This recommendation is intended to address the issue of recall bias when cases are reviewed by 2 different modalities by the same observer. Most, if not all, pathologists can identify cases that they describe as “once seen, never forgotten.” Nonetheless, there is merit in attempting to control for bias that may lead to less than thorough review and/or rubber-stamping of diagnoses previously made by one modality when cases are reviewed by the second modality. Literature specifically designed to identify an optimal washout period for WSI validation studies is nonexistent, although studies based on comparing glass slide diagnoses made on the same cases at different time points have been performed. Campbell et al51 reported the influence of a 2- versus 4-week washout period on diagnoses made by 3 pathologists. The pathologists each reviewed groups of 60 glass slides from a set of 120. Following intervals of 2 and 4 weeks, the pathologists reviewed a second set of 60 slides that included a mix of cases seen or not seen in the initial review. The participants were asked to identify cases they had seen during the first review and were asked to rate their level of confidence with respect to recalling those cases. The pathologists correctly recalled 40% of the cases after 2 weeks and 31% of the cases after 4 weeks, indicating an appreciable degree of recall that could influence data collected during intraobserver studies.

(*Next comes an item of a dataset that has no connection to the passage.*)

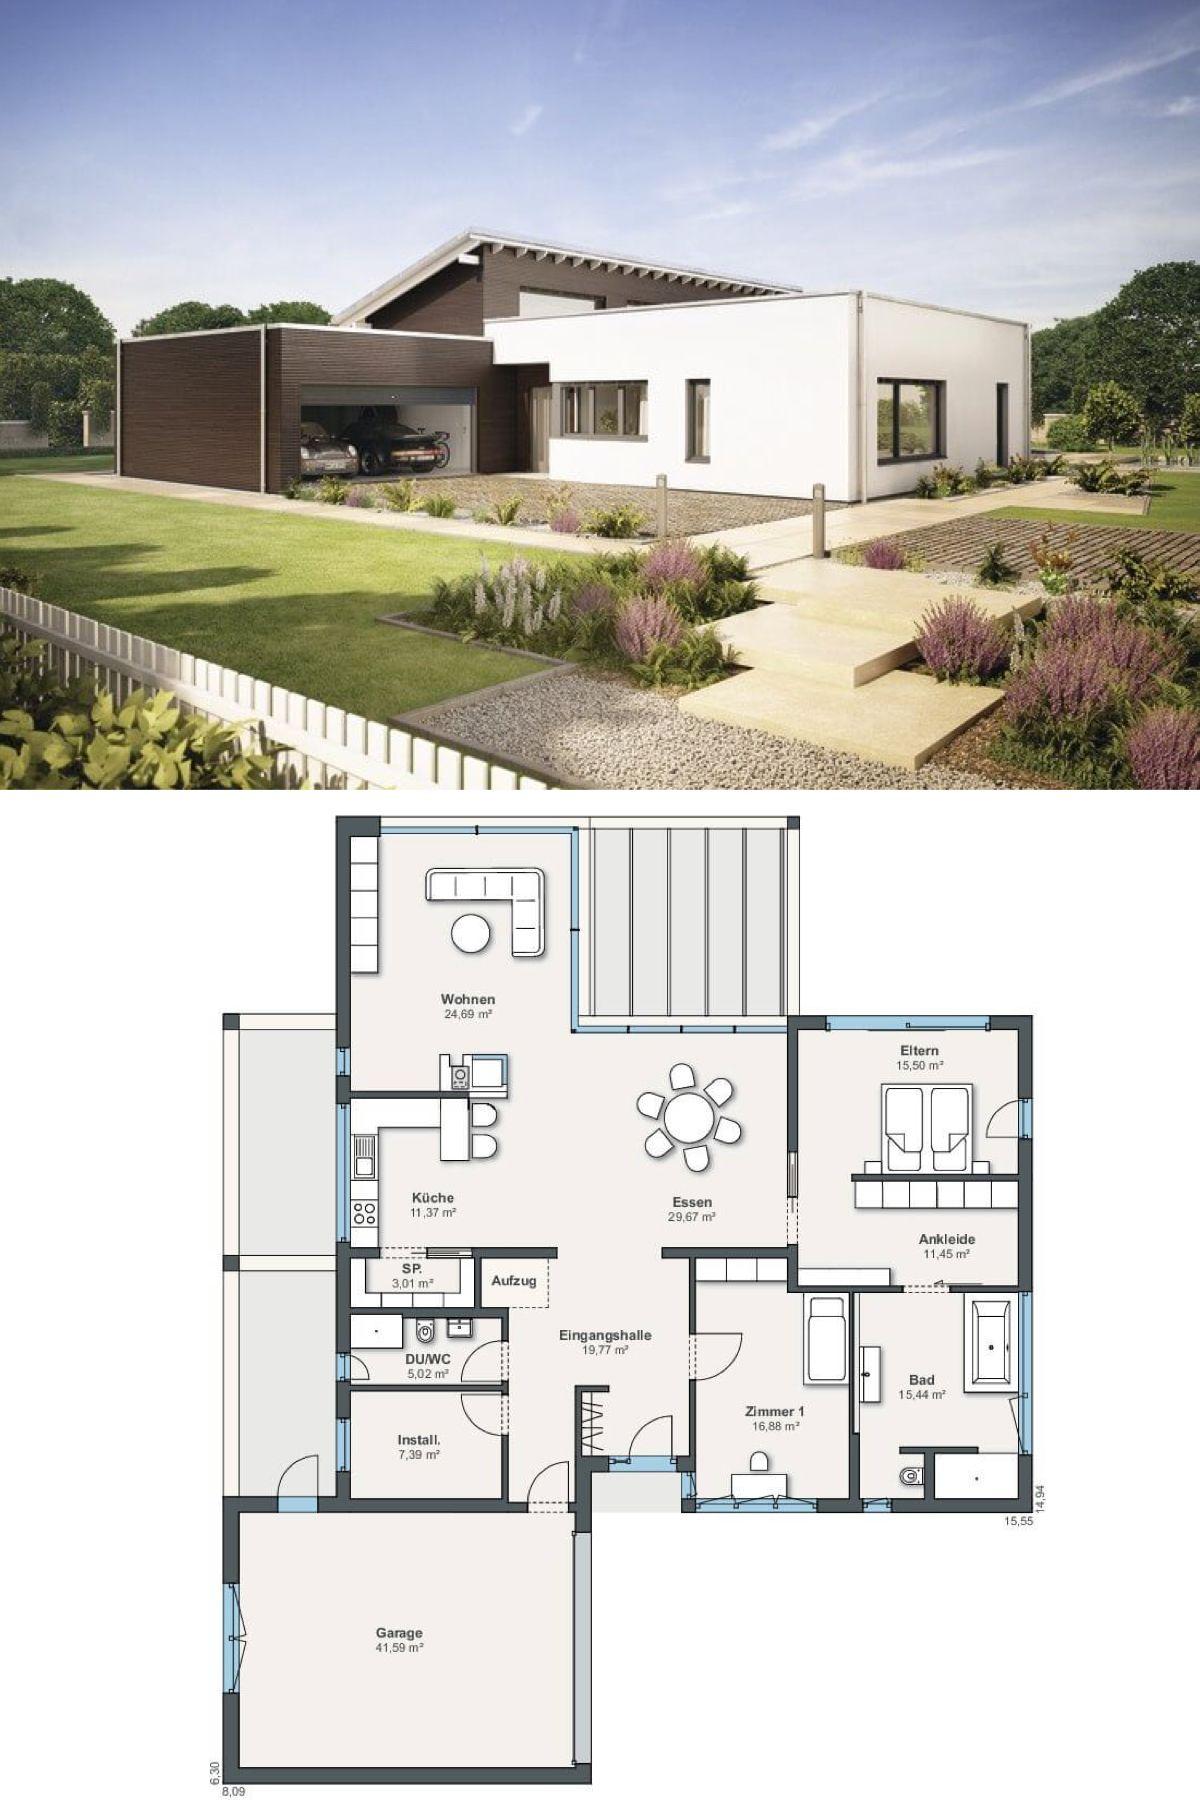 Bungalow Grundriss ebenleben Weberhaus - Haus Ideen auf ...

A total of 14 studies (see Table 4) with respect to the influence of the length of a washout period on intraobserver concordance between glass slide and WSI diagnoses were included. The washout period ranged from less than 4 weeks to greater than 8 weeks, with 5 (35.7%) reporting a washout of 1 to 4 weeks and 9 (64.3%) using a washout of more than 8 weeks. No influence was found when concordance data from these studies were stratified according to washout duration. As such, no new evidence was identified on systematic review to support changing the washout period of at least 2 weeks recommended in the 2013 guideline.

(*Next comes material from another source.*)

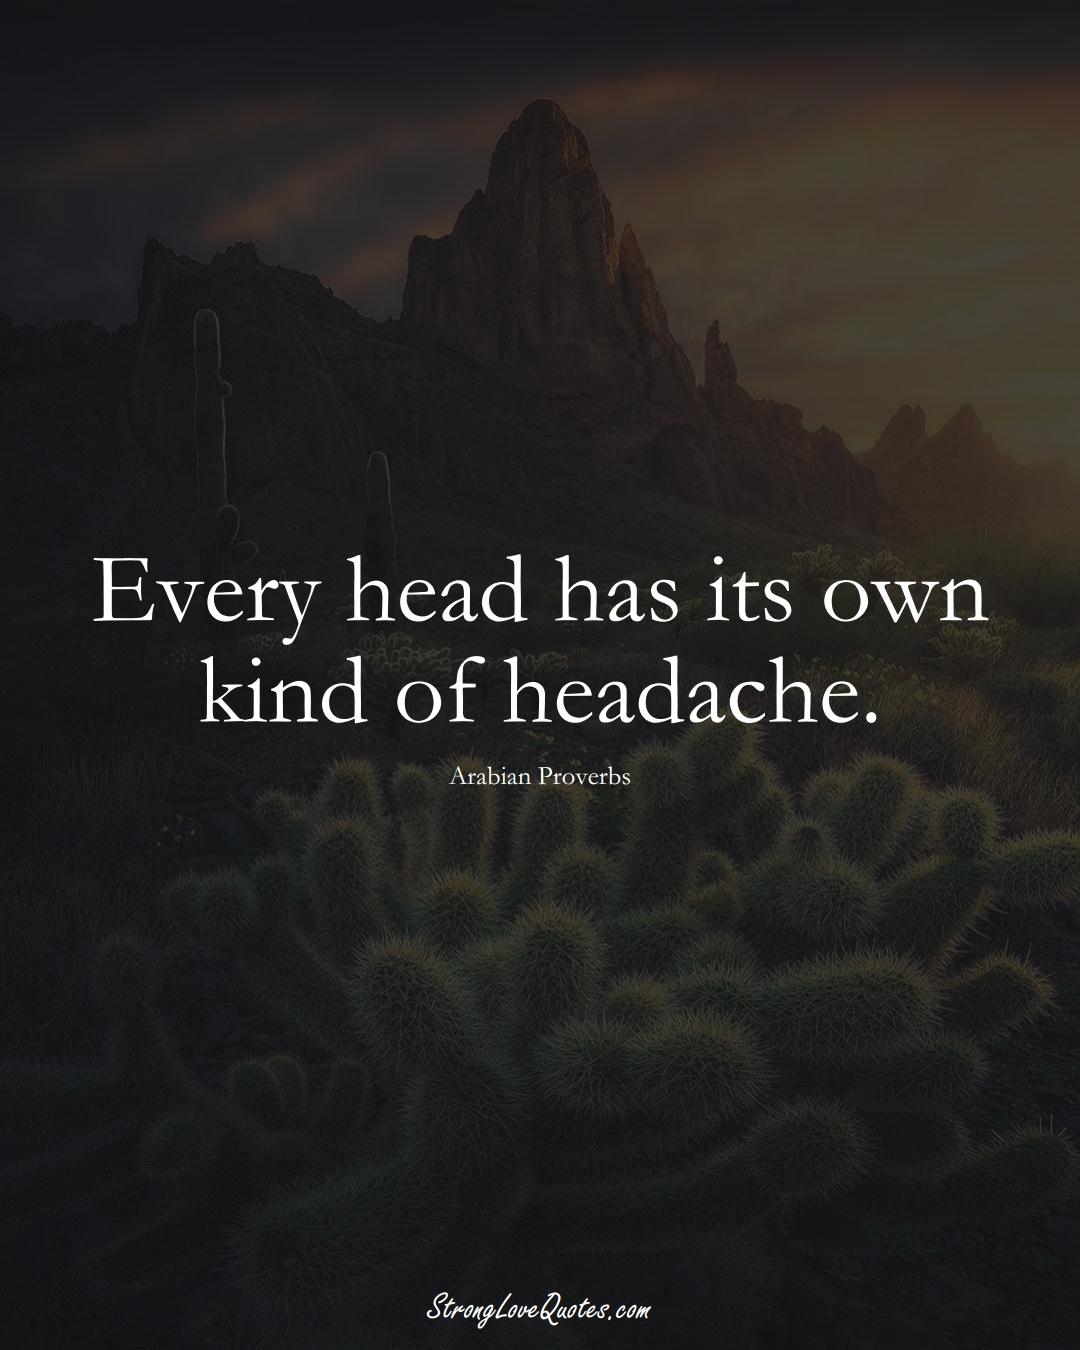 Every head has its own kind of headache. (Arabian Sayings);  #aVarietyofCulturesSayings

This recommendation received 111 responses during the open comment period, 90% (n = 100) of which agreed with the recommendation as written or agreed with comments concerning modifications. Suggestions for washout periods other than the recommended 2-week minimum ranged from not using a washout period to increasing it to a minimum of 4 weeks. Some contributors believed that 2 weeks was too long and would create a barrier to using the guideline. Others believed 2 weeks was too short and would increase the likelihood of recall bias, although this concern is not supported by our systematic review. Those believing that a washout period was unnecessary also indicated that washout periods could remove the opportunity to identify cases where all tissues on a glass slide may not have been captured during the scanning process. Although failure of WSI scanners to capture all tissue is a rare occurrence,52 it has been documented and could have potentially devastating consequences on patient care with medicolegal repercussions.

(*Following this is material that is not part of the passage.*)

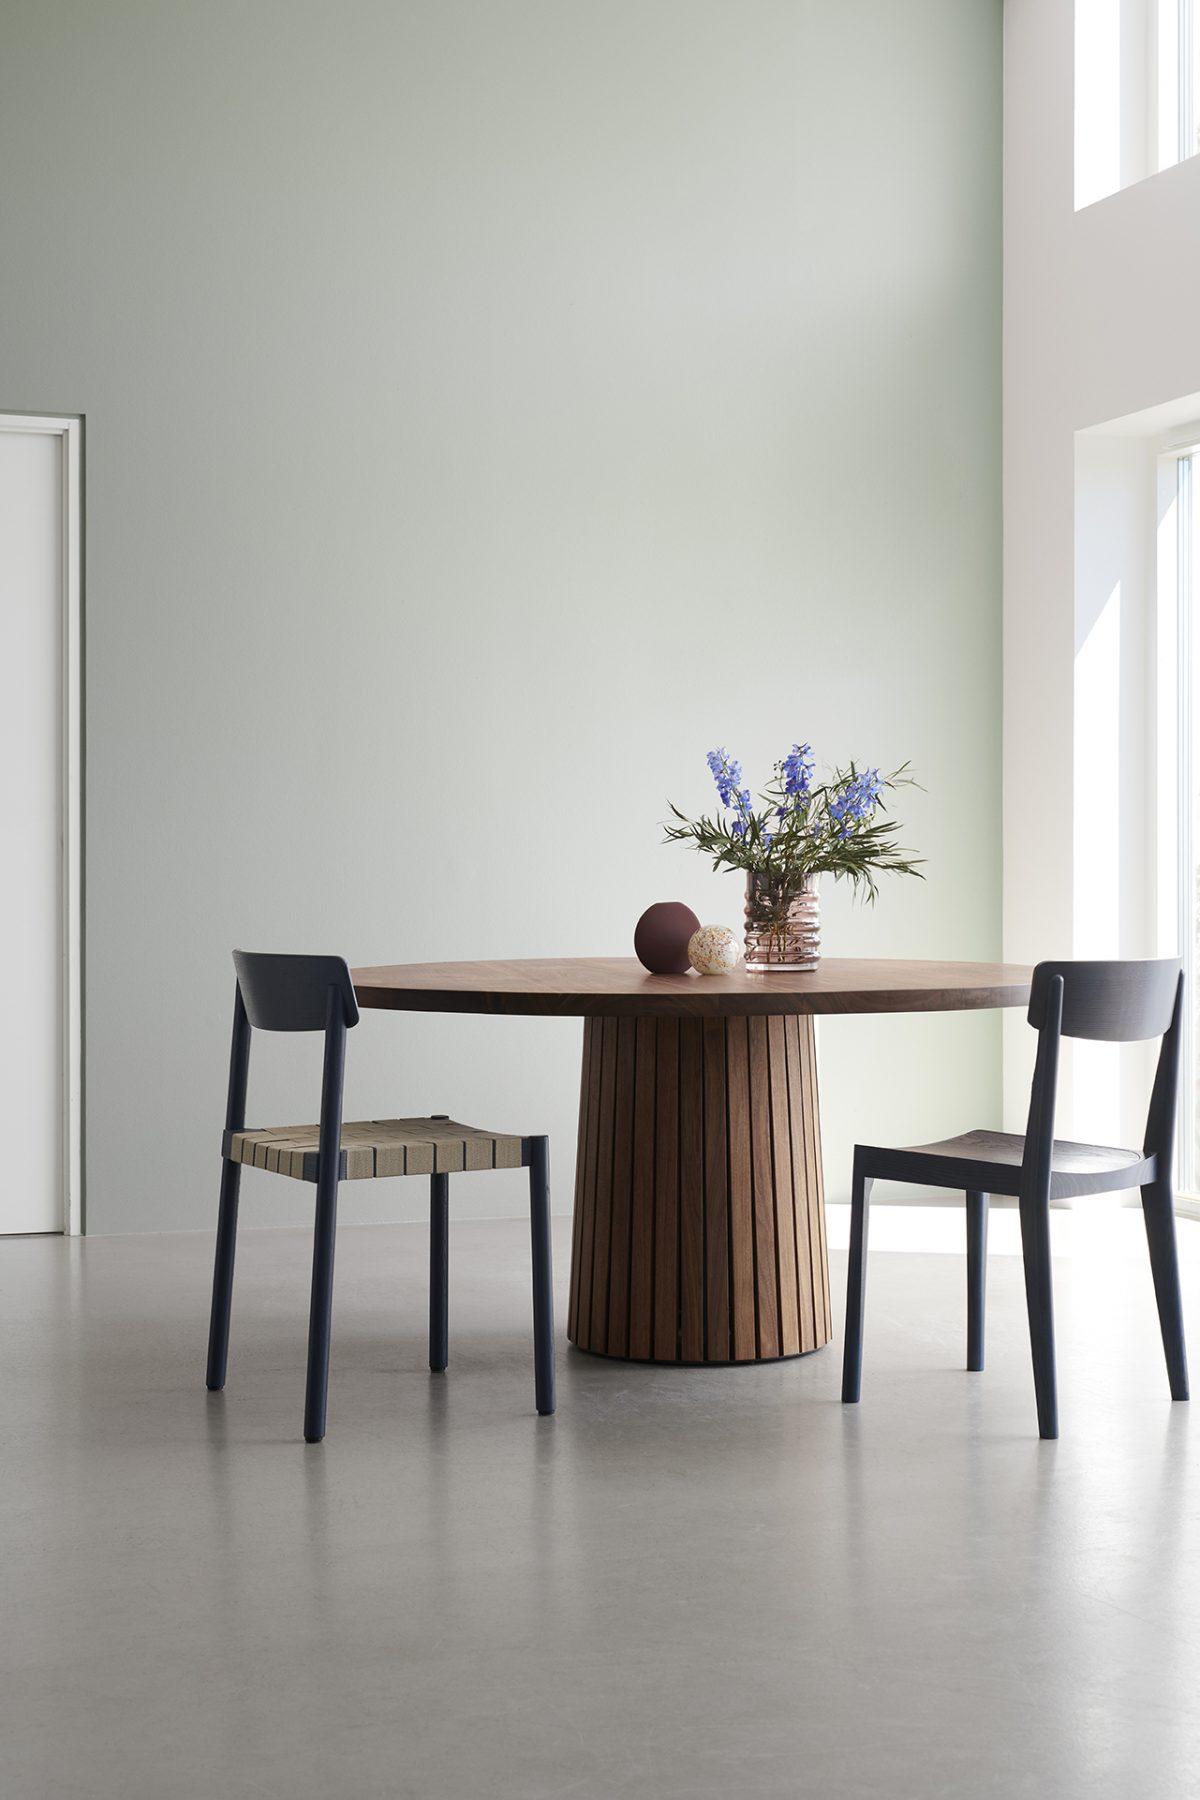 ASROSENVINGE_Traefolk_Formland_Table.jpg

As per the other recommendations in this guideline, the 2-week washout period serves as guidance for laboratories seeking evidence-based advice on this specific aspect of WSI validation. Laboratories are free to use washout periods of any duration they might deem more practical or better able to minimize the negative impact of recall bias on data being collected to inform the use of their WSI system for diagnostic work. One solution to the possibility of not detecting incomplete tissue capture by a WSI scanner would be to build in a technical quality control step whereby all scanned slides used in the validation study are reviewed by a scanning technologist in conjunction with the corresponding glass slides to ensure all tissue was captured. Detection of any such events should trigger communication with the WSI vendor to begin work on correcting the problem. Image analysis algorithms based on artificial intelligence may emerge as a preanalytical solution for detecting missing tissue on scanned slides before cases are assigned to pathologists for review.53
GOOD PRACTICE STATEMENTS
As mentioned in the introduction, GPSs are defined as statements having a “high level of certainty that the recommendation will do more good than harm (or the reverse), but where there is little direct evidence.”54,55 Unlike recommendations, GPSs are not evidence based. Nine of the recommendation statements from the 2013 guideline were reaffirmed and/or revised as GPSs.
GPS 1. All pathology laboratories implementing WSI technology for clinical diagnostic purposes should carry out their own validation studies.
GPS 2. Validation should be appropriate for and applicable to the intended clinical use and clinical setting of the application in which WSI will be used. Validation of WSI systems should involve specimen preparation types relevant to intended use (eg, formalin-fixed, paraffin-embedded tissue; frozen tissue; immunohistochemical stains). If a new application for WSI is contemplated, and it differs materially from the previously validated use, a separate validation for the new application should be performed.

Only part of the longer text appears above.